Routing connection attempts away from a server is another possible benefit of using Balance to manage your DB2 connections. Since the Balance program has the option to be configured dynamically, removing or adding servers from Balance’s routing table will not affect connections to other servers. This might be useful for performing system maintenance tasks.
Figure 7. Client routing during maintenance
The dotted lines suggests that I can remove ServerB after adding ServerA, or I can simply remove ServerB and add ServerA to quickly reroute connection attempts. If I remove routing to a server, all connections to that server are lost.
Balance is primarily used as a tool to load balance http requests. As clients make requests for Web pages, a farm of servers can serve up the necessary content. The same principle could be applied to database hosting. This may be especially effective when the database is or is largely read-only. One example may be a travel Web site where there is a very large "look to book" ratio. That is, people may perform a great many searches for accommodations but make reservations very infrequently. One issue to be aware of is that you must keep databases synchronized when bookings are made, or create a separate process for the reservation system.
Figure 8. Balance Web requests
DB2 Version 8.2 introduced a new feature, client reroute, enhancing DB2's native client/server communication abilities. To implement this feature you will need DB2 Version 8.2 clients and servers. The essential function of DB2 V8.2's client reroute capability is to move a database connection from one sever to another. This is performed transparently to the user or application.
More information on this release of DB2 can be obtained at http://www.ibm.com/software/data/db2/udb/v82/.
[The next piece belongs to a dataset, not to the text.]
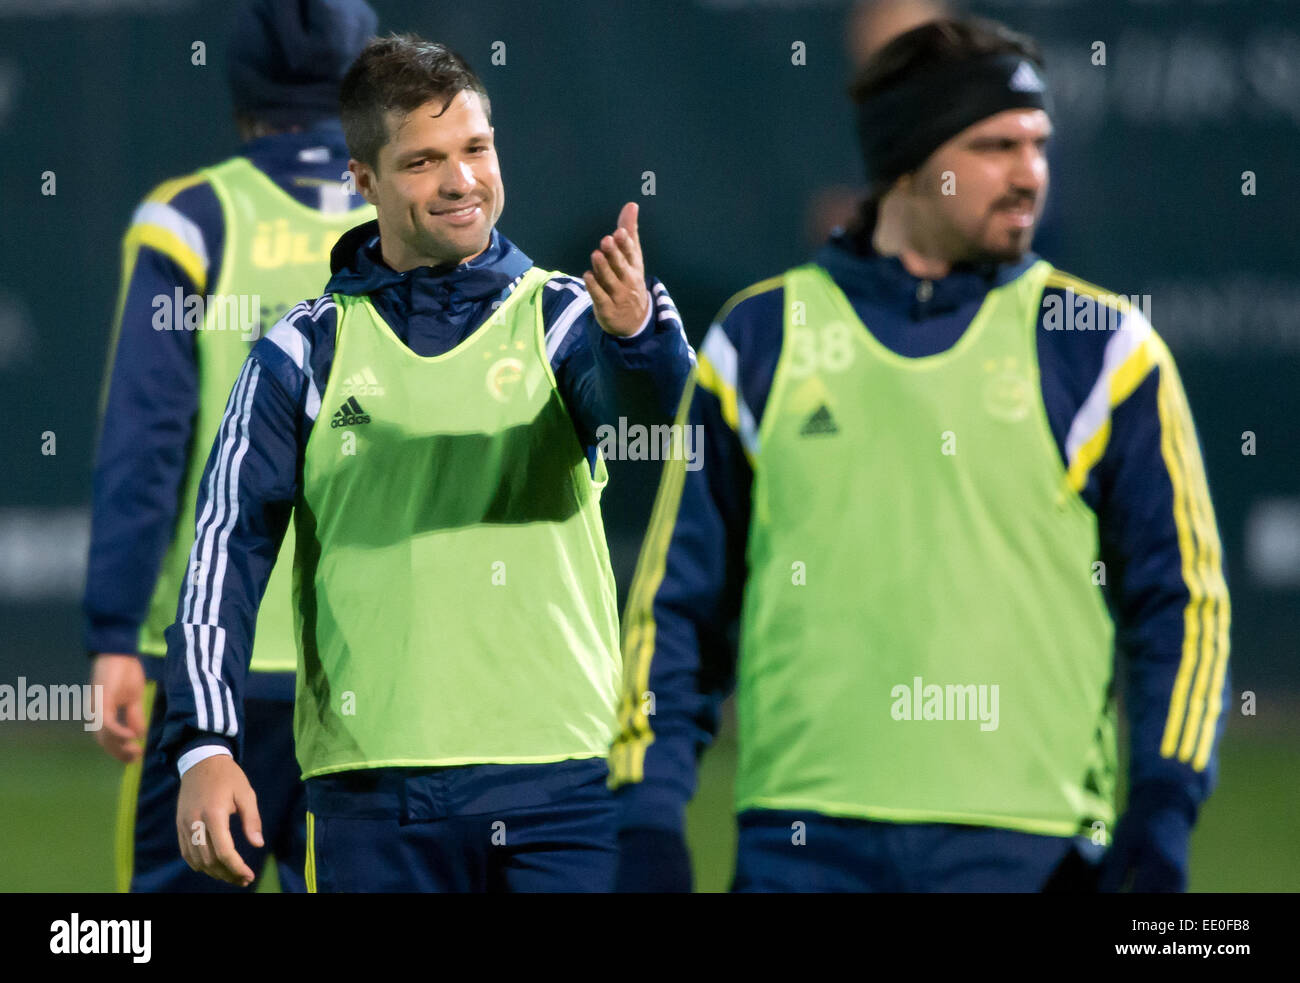 Belek, Turkey. 11th Jan, 2015. Fenerbahce Istanbul's soccer player Diego Ribas (L) gestures to Mehmet Topuz during a training session in Belek, Turkey, 11 January 2015. Fenerbahce stays in Belek to prepare for the second half of the Süper Lig season. Photo: Soeren Stache/dpa/Alamy Live News Stock Photo

Another interesting feature of DB2 is the ability to "hop" from one database server to another. The database server is usually the final destination of client connection attempts. On occasion the database administrator may wish the clients to use a different database server. Changing the clients' configuration may be either impossible or impractical. I have demonstrated how this might be handled using Balance. DB2 can accomplish a similar function by the database server pointing to an alternative hosting database server. Accomplishing this "hop" simply requires an entry in the DB2 database directory for the alternative host in place of local entry.
Figure 9 shows the database directory for a database, Sample, hosted on the local machine noted by the "indirect" entry type.
Figure 9. Database directory entry for a local database
If you wanted Sample to be hosted on another server, you need the entry type to be "remote". You will need to create a TCP/IP node entry for the remote server in the node directory, uncatalog this database directory entry, and add remote database directory entry, as shown in Figures 10, 11, and 12.
Figure 10. Catalog the TCP/IP node
Figure 11. Uncatalog the local database
Figure 12. Catalog the database at the remote node
The Balance utility provides additional flexibility when developing DB2 solutions. While the use of this tool does not fit all data management scenarios, it does provide a powerful means of distributing data workload. When you evaluate the tool, don't forget to test for data synchronization and Balance availability if a high availability solution is required. You will find this to be one more open source tool that can be used to add power and flexibility to your database solution.
Monty Wright is a certified IT specialist and has been supporting the DB2 brand for 7 years. He has published several articles on DB2 distributed topics and authored the DB2 performance tuning section of the IBM Redbook Tuning IBM eServer xSeries Servers for Performance. As part of the IBM Advanced Technical Support team, he has participated in numerous customer engagements and benchmarks. His specialty areas include performance tuning, database partitioning, and high availability.